Captain Rothesay seemed alarmed. “Don't trifle with me, Sybilla—there is nothing the matter? The child is not ill?”
“No; quite well.”
“Then, why cannot Elspie bring her?” and he pulled the bell violently. The nurse appeared. “My good Elspie, you have kept me waiting quite long enough; do let me see my little girl.”

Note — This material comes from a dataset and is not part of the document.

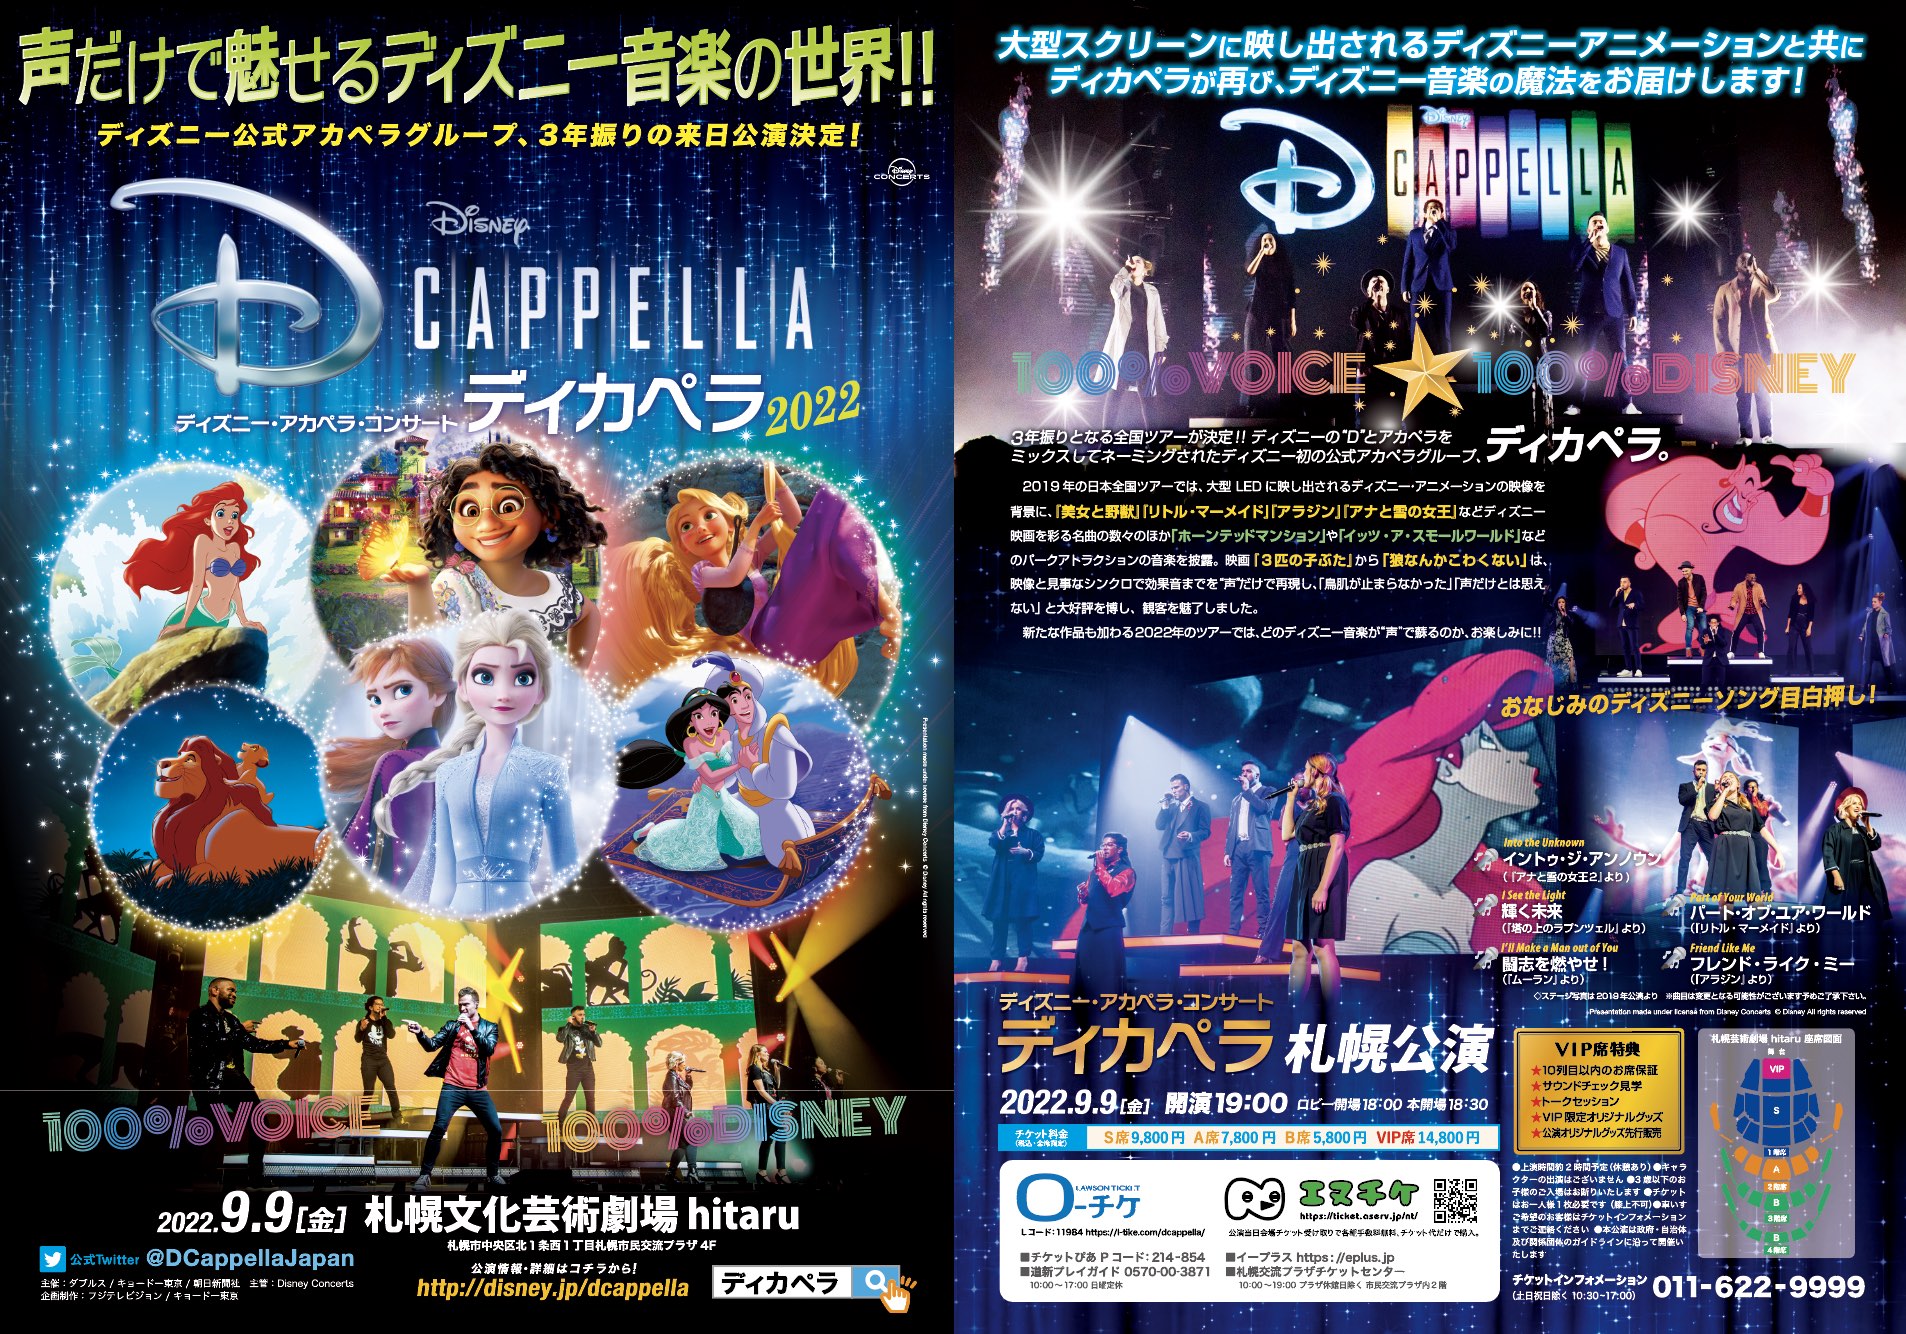 ディズニー アカペラ コンサート ディカペラ イベント情報 札幌市民交流プラザ
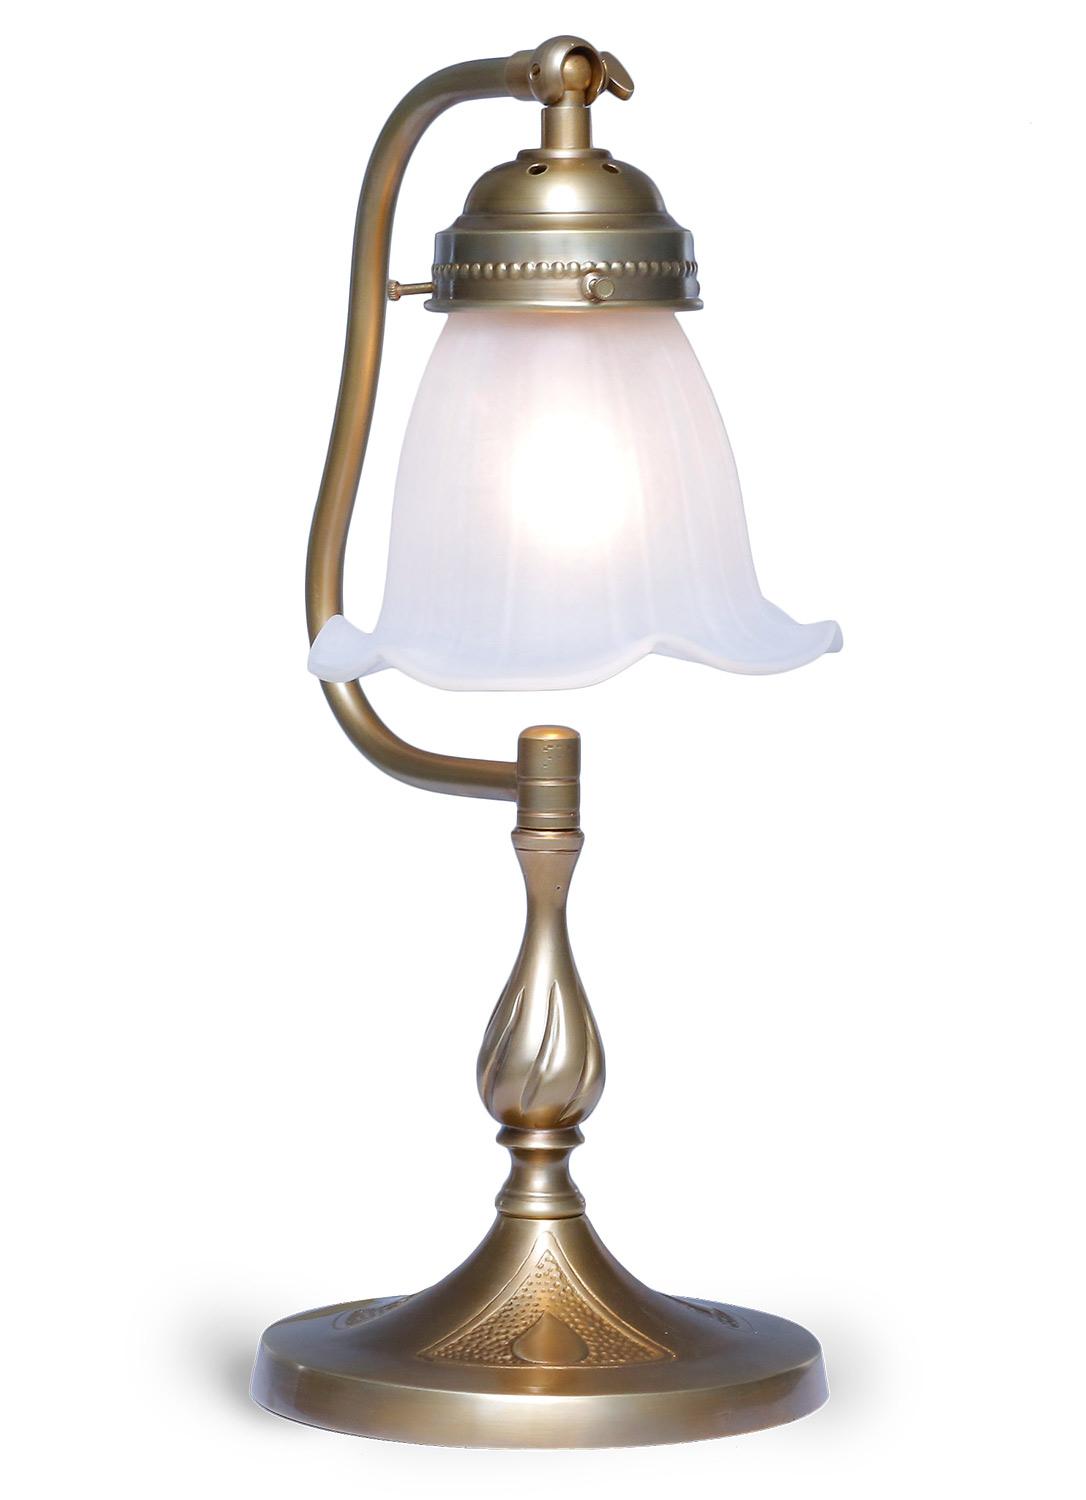 Kleine Jugendstil-Tischleuchte mit verstellbarem Glas, 34 cm: Einstellbare Jugenstil-Tischlampe mit 34 cm Höhe und floralem Glasschirm, hier in Messing antik patiniert

Elspie gave one glance at the mother, who stood mute and motionless, clinging to the chair for support. In that glance was less compassion than a sort of triumphant exultation. When she quitted the room Sybilla flung herself at her husband's feet. “Angus, Angus, only say you forgive me before”——
The door opened and Elspie led in a little girl. By her stature she might have been two years old, but her face was like that of a child of ten or twelve—so thoughtful, so grave. Her limbs were small and wasted, but exquisitely delicate. The same might be said of her features; which, though thin, and wearing a look of premature age, together with that quiet, earnest, melancholy cast peculiar to deformity, were yet regular, almost pretty. Her head was well-shaped, and from it fell a quantity of amber-coloured hair—pale “lint-white locks,” which, with the almost colourless transparency of her complexion, gave a spectral air to her whole appearance. She looked less like a child than a woman dwarfed into childhood; the sort of being renowned in elfin legends, as springing up on a lonely moor, or appearing by a cradle-side; supernatural, yet fraught with a nameless beauty. She was dressed with the utmost care, in white, with blue ribands; and her lovely hair was arranged so as to hide, as much as possible, the defect, which, alas! was even then only too perceptible. It was not a hump-back, nor yet a twisted spine; it was an elevation of the shoulders, shortening the neck, and giving the appearance of a perpetual stoop. There was nothing disgusting or painful in it, but still it was an imperfection, causing an instinctive compassion—an involuntary “Poor little creature, what a pity!”
Such was the child—the last daughter of the ever-beautiful Rothesay line—which Elspie led to claim the paternal embrace. Olive looked up at her father with her wistful, pensive eyes, in which was no childish shyness—only wonder. He met them with a gaze of frenzied unbelief. Then his fingers clutched his wife's arm with the grasp of an iron vice.
“Tell me! Is that—that miserable creature—our daughter, Olive Rothesay?”
She answered, “Yes.” He shook her off angrily, looked once more at the child, and then turned away, putting his hand before his eyes, as if to shut out the sight.
Olive saw the gesture. Young as she was, it went deep to her child's soul. Elspie saw it too, and without bestowing a second glance on her master or his wife, she snatched up the child and hurried from the room.
The father and mother were left alone—to meet that crisis most fatal to wedded happiness, the discovery of the first deceit Captain Rothesay sat silent, with averted face; Sybilla was weeping—not that repentant shower which rains softness into a man's heart, but those fretful tears which chafe him beyond endurance.